Fear and Loathing in La Liga (Nation Books, paperback). It's the perfect time to read this book about the rivalry between Real Madrid and FC Barcelona. Author Sid Lowe wrote a column for the Guardian suggesting that the El Clásico match in March might have been the game of the century. Not the best matchup between the two teams, but the best game.

Who Invented the Bicycle Kick? (Morrow, paperback) is a collection of q&as, like, well, "who invented the bicycle kick?" According to authors Paul Simpson and Uli Hesse, if you believe Eduardo Galeano, it was Ramon Unzaga. Goodness, why wouldn't you believe Galeano? You'll also find answers to rather odd questions like "do footballers have small feet?" and "who invented Total Football?"
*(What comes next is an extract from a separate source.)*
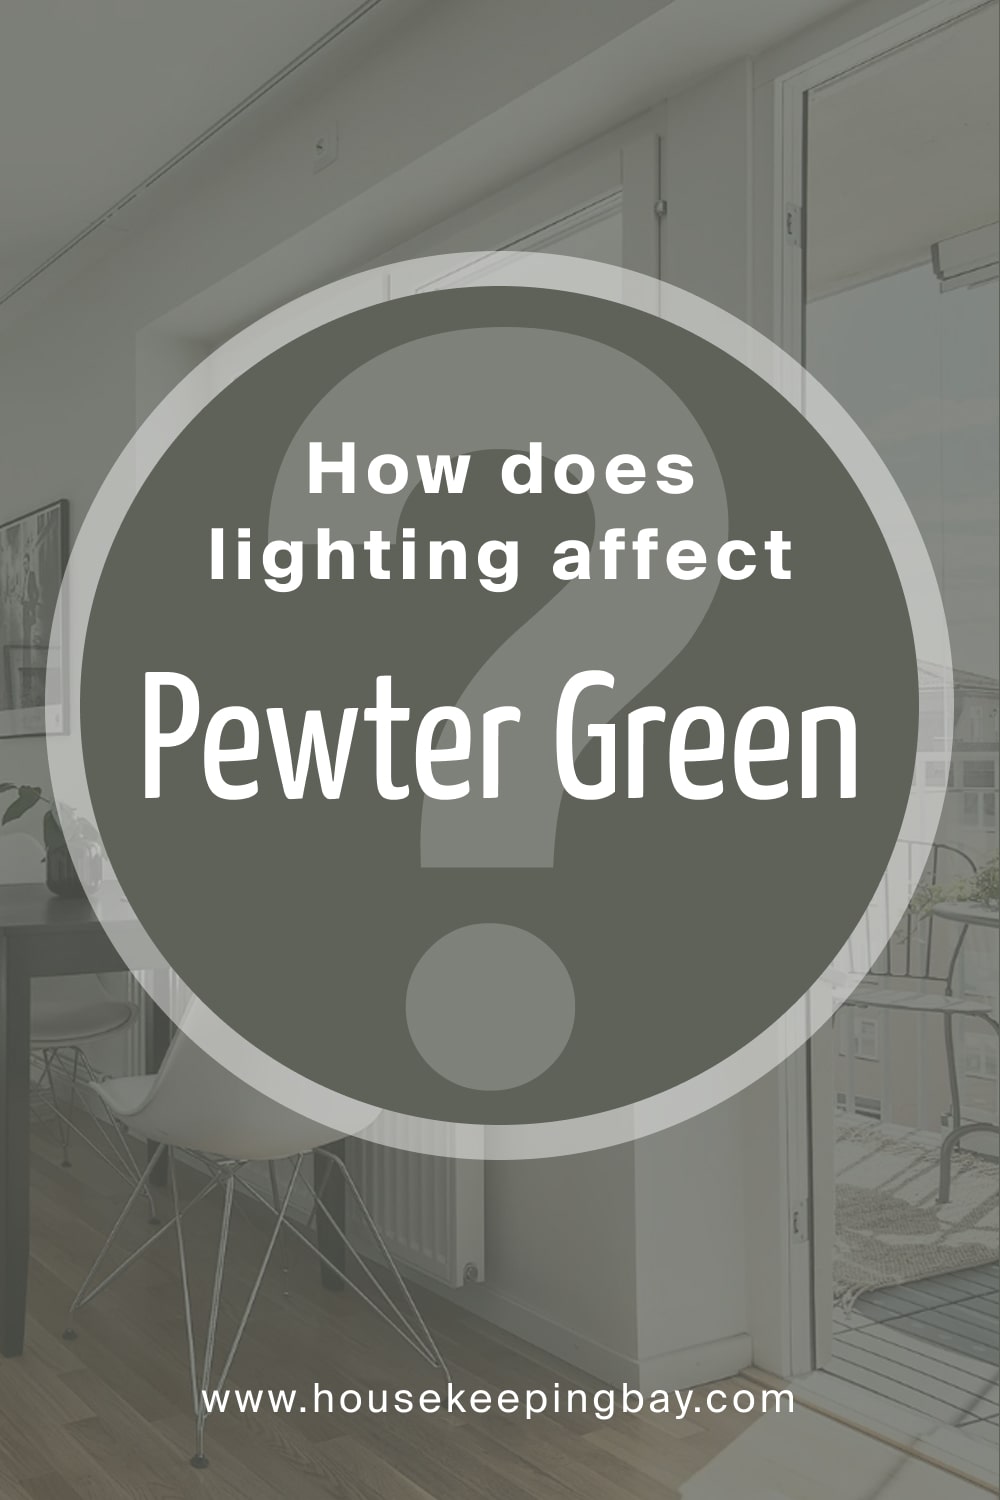 How Does Lighting Affect of Pewter Green by Sherwin Williams

The Soccer Diaries: An American's Thirty-Year Pursuit of the International Game (University of Nebraska Press) is Michael J. Agovino's story of falling in love with the sport in the U.S. in the '80s and his pursuit of the game both here and internationally. Arranged by specific matches, the book is a personal and entertaining travelogue. He went to so many great matches. So jealous.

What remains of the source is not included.